Samsung devices : probably also.

So, actually, it could be done - although not fully automated. But hey, I could be wrong twice today ^^

letuanvn · Feb 19, 2020, 4:06 AM

Hi Gertjan,
Thank you again for your answer!
I have to refer some Guide on google seem to you. But it's manual to add to the phone.
I would like to take easy for end users --> Automatic.

Example: Network Policy Server (NPS) of Microsoft, auto apply certificate when the mobile connect to wifi, end user only hit TRUST the certificate and access internet successfully.

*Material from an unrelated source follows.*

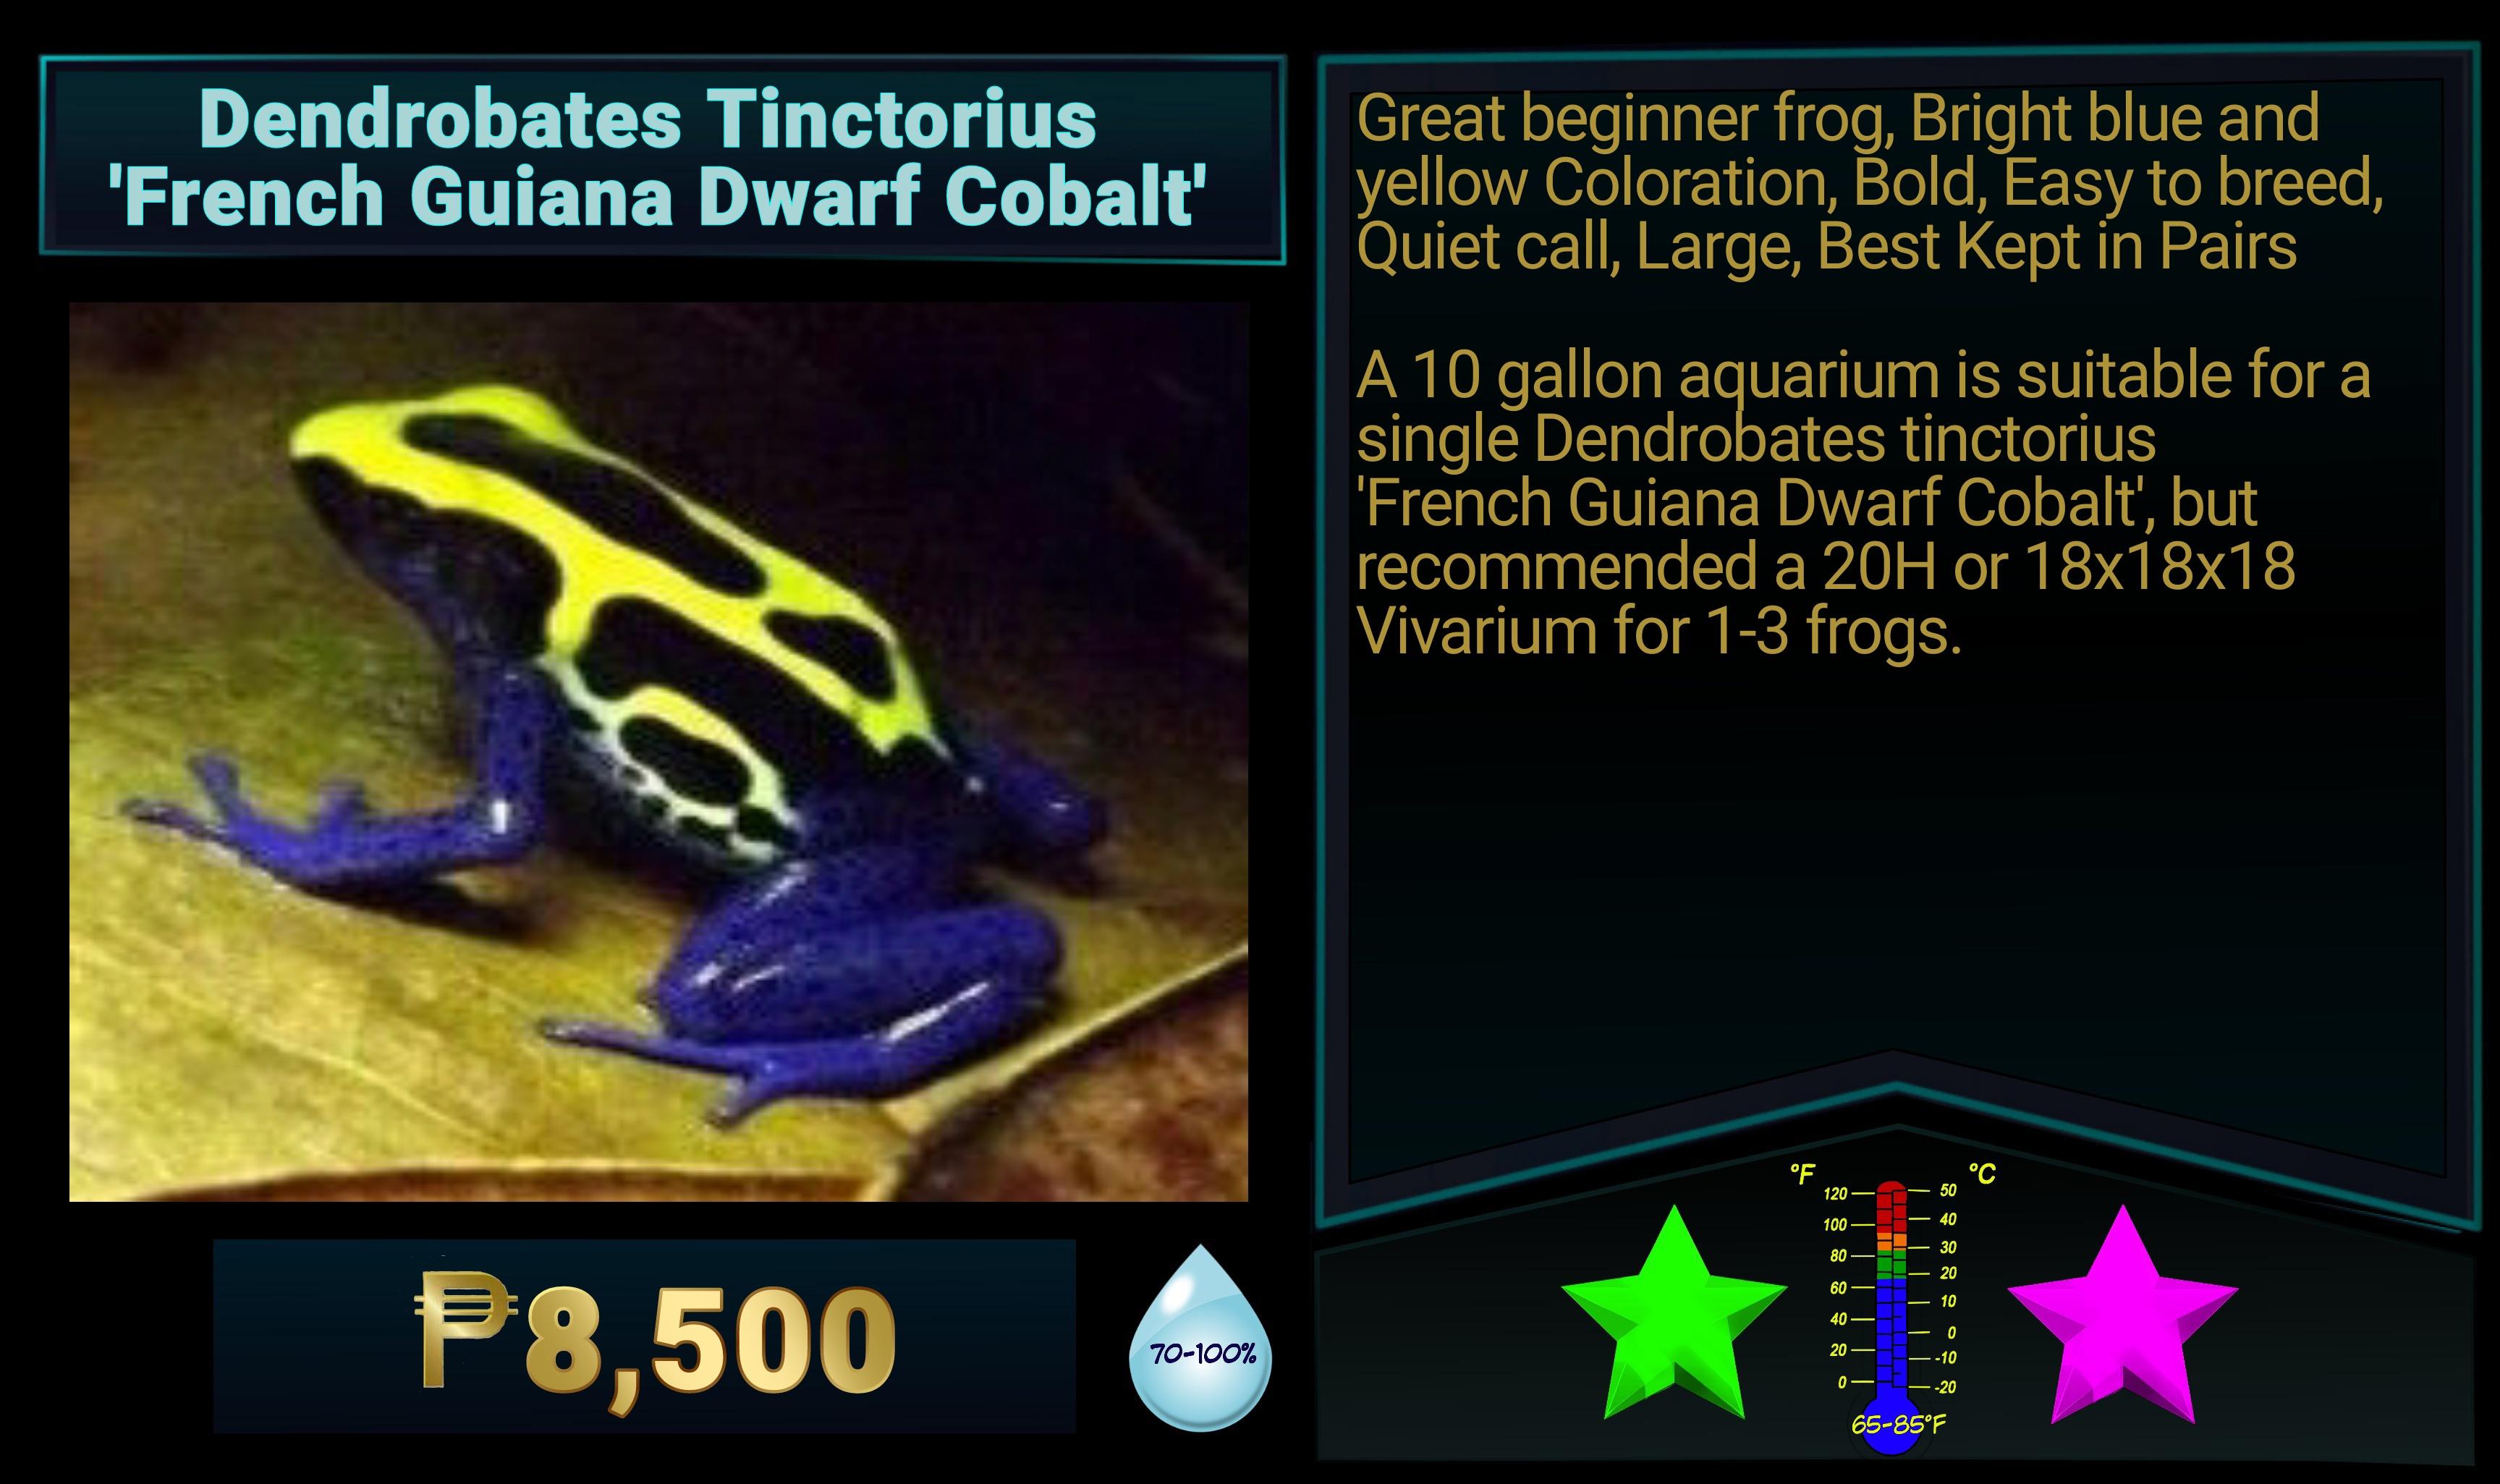 Dendrobates tinctorius French Guiana Dwarf Cobalt

Many thanks if have more any good for me to process the next step.
Thanks,
Tony

Gertjan · Feb 19, 2020, 9:49 AM

@letuanvn said in How deploy Certificate automation to mobile (IOS, Android) use Squid Proxy?:

Example: Network Policy Server (NPS) of Microsoft, auto apply certifi

A notable difference here is : these devices are not owned by the users, they are merely the tools they use to work with. The owner - the company, will state what to do when and how up front.
Devices used on a captive portal are owned by the users themselves.

letuanvn · Feb 20, 2020, 2:06 AM

Actually, i would like to protect personal device access to LAN network.
So, i use Squid Guard and i get the trouble with Mobile Phone. (Can not install Certificate, can not access to internet)

letuanvn · Feb 20, 2020, 9:46 AM

Anybody can help?

Gertjan · Feb 20, 2020, 10:27 AM

@letuanvn said in How deploy Certificate automation to mobile (IOS, Android) use Squid Proxy?:

Mobile Phone

Well ... for the iPhones/iPad, etc your ok, right ? You saw the link. It's hands-on time now.
Pretty sure by now that 'the other one' (Samsung) can import certs also.

Why do you want to protect devices ? With Squid ?
All traffic is already TLS ... Mobile devices have no open ports (users can't mess them up as they do with their PC's).
You could even put your AP's in "isolating mode" (something that Windows does as an OS when it asks you if the network is Private or Public).

NollipfSense · Feb 22, 2020, 5:01 PM

@letuanvn said in How deploy Certificate automation to mobile (IOS, Android) use Squid Proxy?:

Anybody can help?

You're stubborn...as Gertjan already stated, it won't work...for Samsung, get an OTG cable and transfer the certificate to a jump drive, then connect the drive to the OTG cable and install...for IOS, you can use iTunes or the iCloud or email as that's a closed environment.

letuanvn · Feb 24, 2020, 2:55 AM

@NollipfSense Thanks for your feedback!
I understood Gertjan mean. But it's a manual action.

NollipfSense · Feb 24, 2020, 3:16 PM

@letuanvn said in How deploy Certificate automation to mobile (IOS, Android) use Squid Proxy?:

@NollipfSense Thanks for your feedback!
I understood Gertjan mean. But it's a manual action.

It cannot be done automatically as you're wanting to do.